Backups: back up /var/lib/jellyfin/ periodically. It contains your library metadata, user accounts, watch history, and settings. Losing it means rescanning everything and starting over — annoying, not catastrophic.
Monitoring: htop shows live CPU/RAM. iotop shows disk I/O. If playback stutters, check both.
A UPS: a small uninterruptible power supply protects the Pi and drive from sudden power loss, which is the most common cause of corrupted SD cards.
10. Common problems and fixes
"Server not found" in the mobile app. You're on cellular, not your home Wi-Fi. Use the IP or set up Tailscale.
Playback stutters or buffers locally. Almost always either (a) hardware transcoding isn't actually engaged — check the dashboard's "active streams" view, which says "Direct Play," "Direct Stream," or "Transcoding," or (b) the Pi is on Wi-Fi. Wire it.
Metadata is wrong or missing. Folder name doesn't match the rules in section 4, or the year is wrong. Right-click the item in Jellyfin → Identify to fix manually.
Drive disappears after a reboot. Power. Either the drive needs its own power brick, or the Pi's power supply isn't supplying enough. Check dmesg | grep -i usb for under-voltage warnings.
Subtitles don't show. Drop a .srt file with the same base name as the video alongside it (Inception (2010).en.srt), or install Bazarr.

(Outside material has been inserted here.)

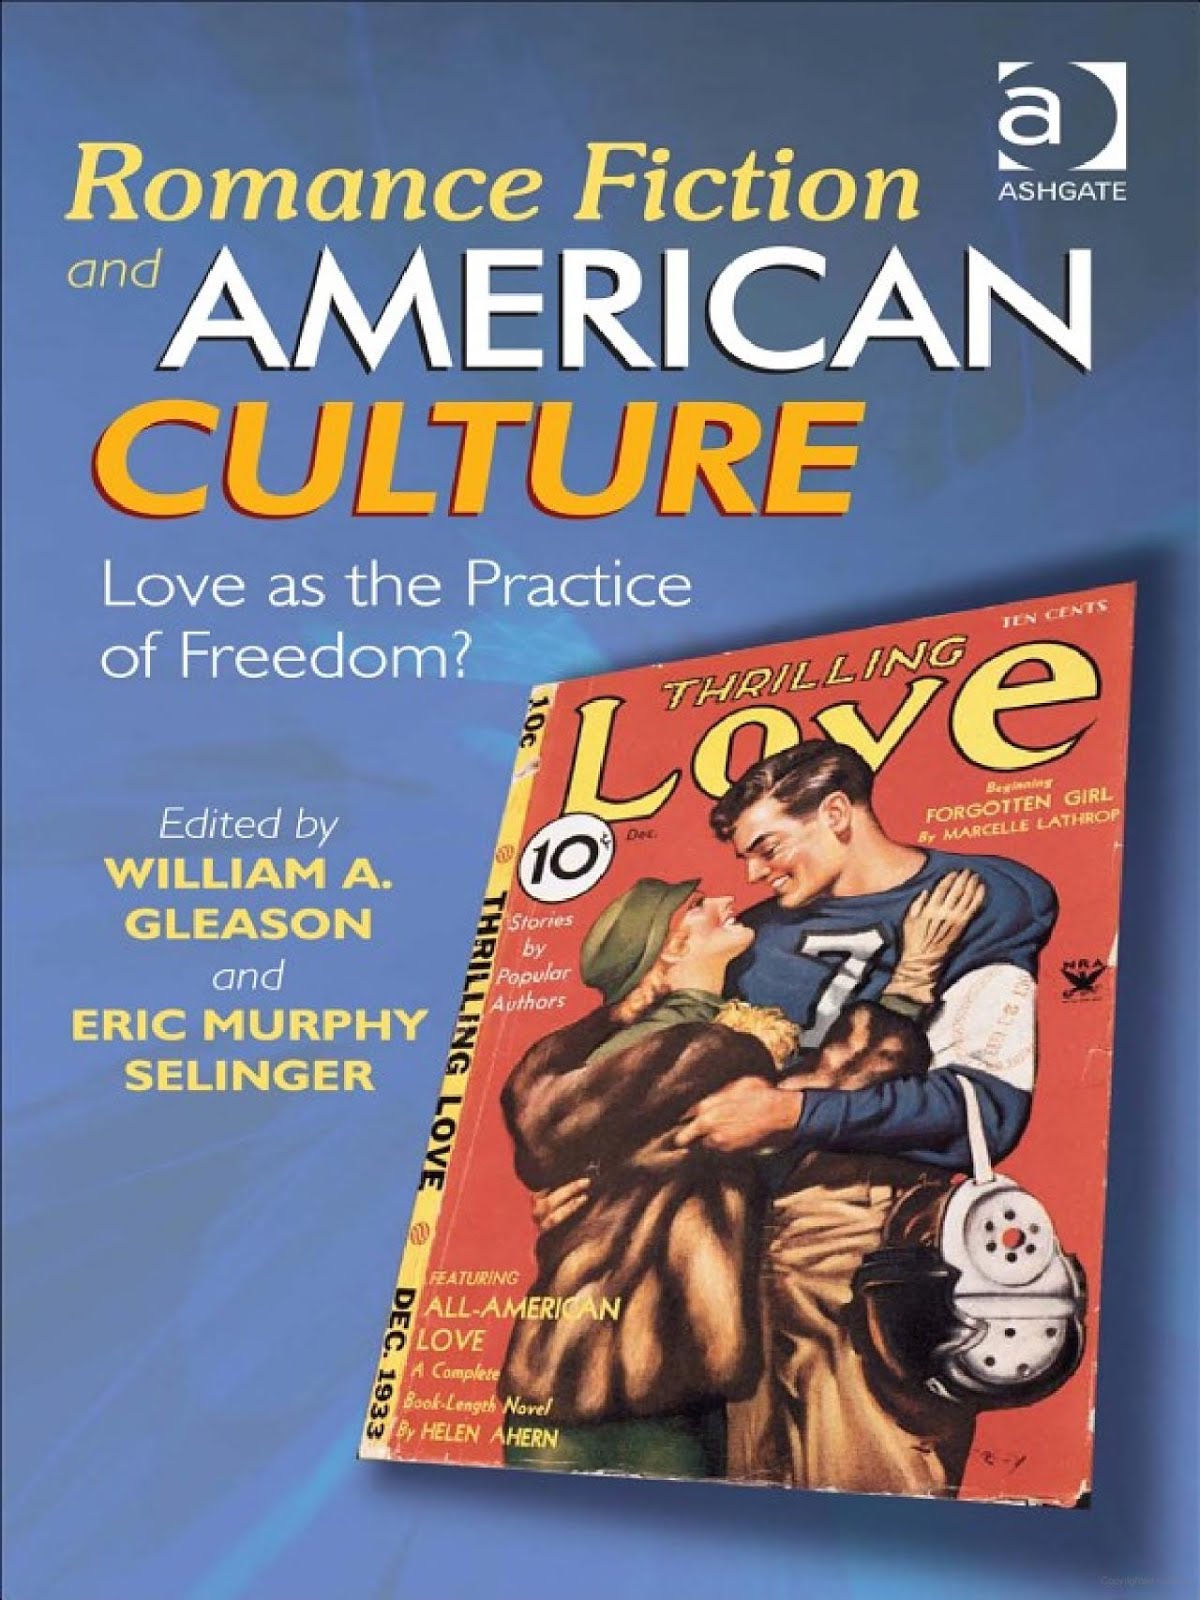 Romance Fiction and American Culture: Love as the Practice of Freedom?

External access stopped working. Your home IP changed. This is why Tailscale is recommended — it doesn't care.
You're done
You now have a Netflix-shaped service that costs nothing per month, runs on hardware that fits in a deck of cards, contains exactly what you want it to, and isn't going to remove your favorite show next quarter because of a licensing dispute. Enjoy.